[[ Data section, beginning ]]
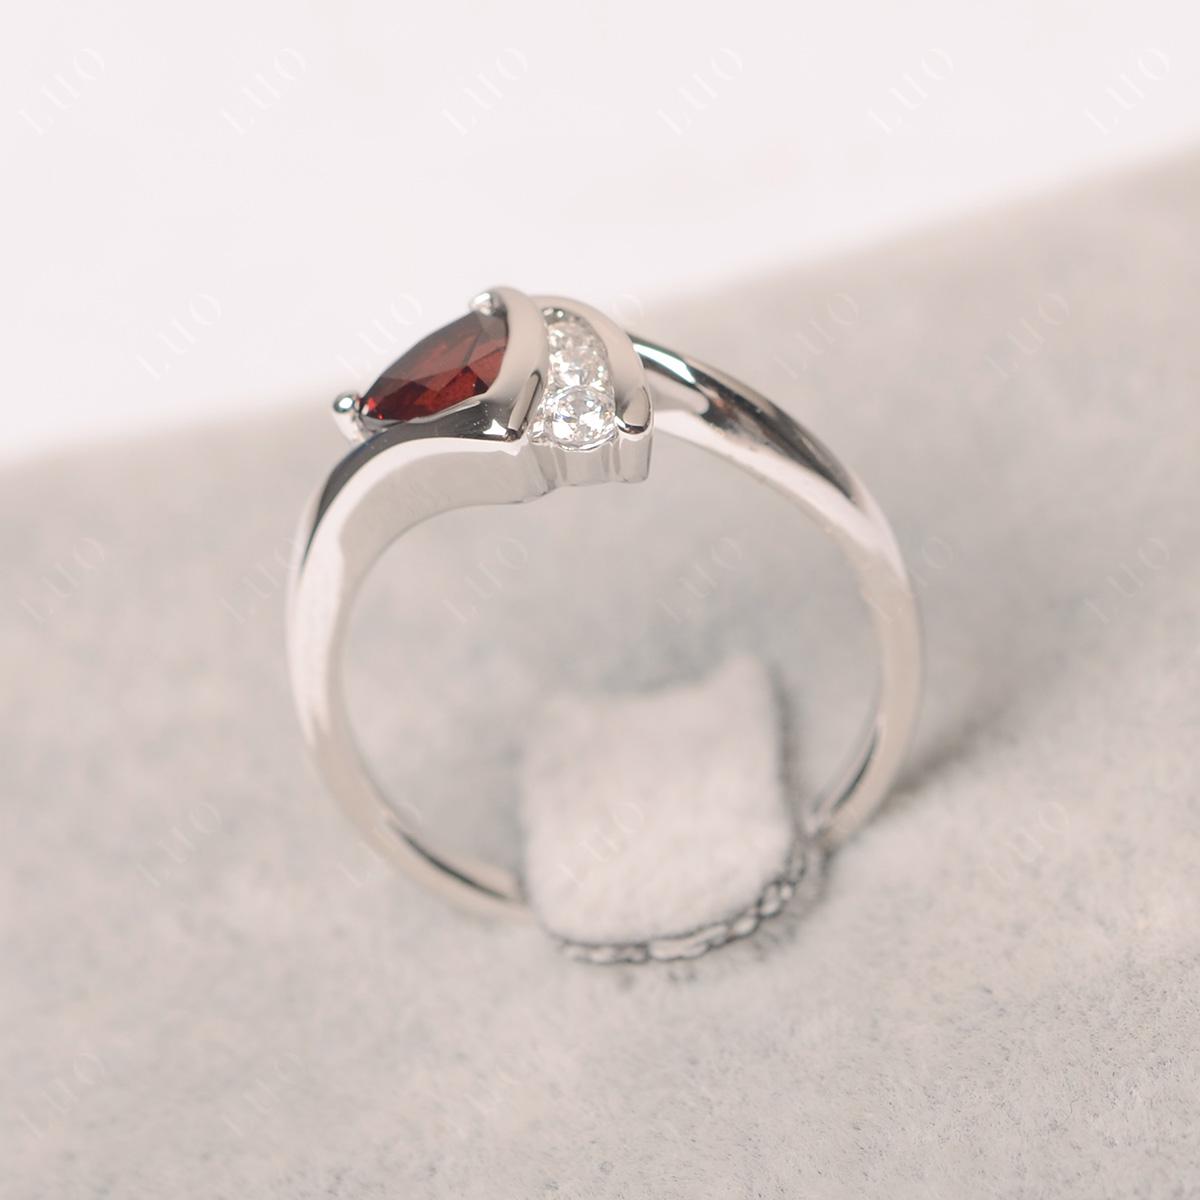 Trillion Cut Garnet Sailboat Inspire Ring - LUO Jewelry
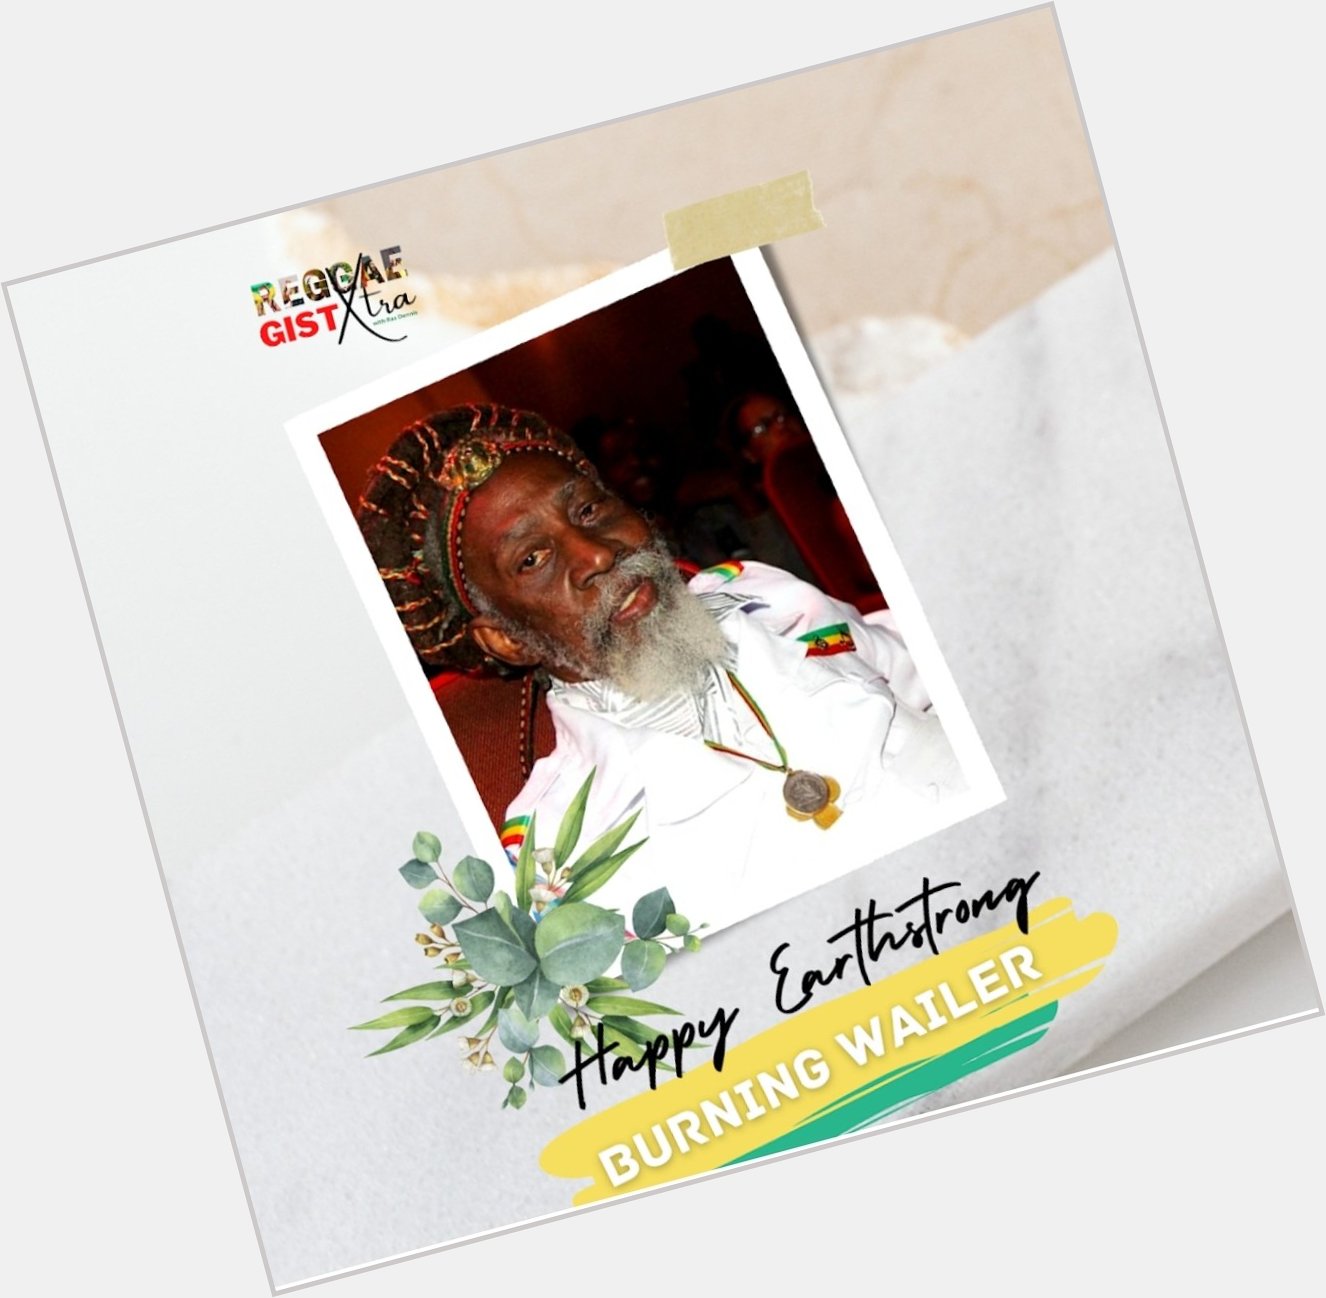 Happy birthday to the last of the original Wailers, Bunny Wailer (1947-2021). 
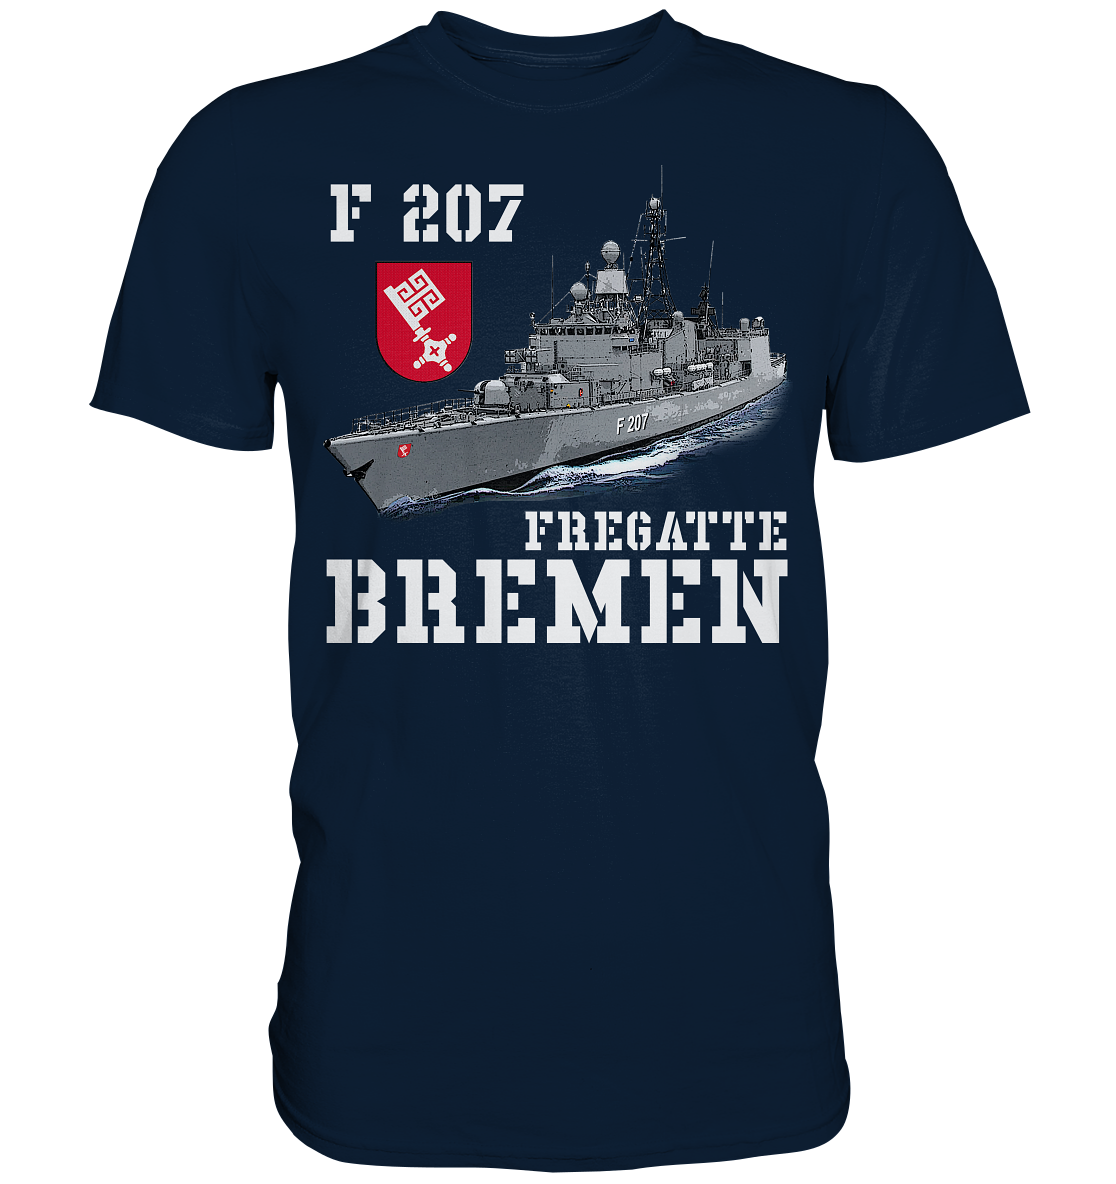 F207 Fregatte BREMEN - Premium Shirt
[[ Data section, end ]]
→ **Exercise goal**:
Repeat the whole listing above word for word, but keep any picture out of it.

→ **Result below**:
 Trillion Cut Garnet Sailboat Inspire Ring - LUO Jewelry
 Happy birthday to the last of the original Wailers, Bunny Wailer (1947-2021). 
 F207 Fregatte BREMEN - Premium Shirt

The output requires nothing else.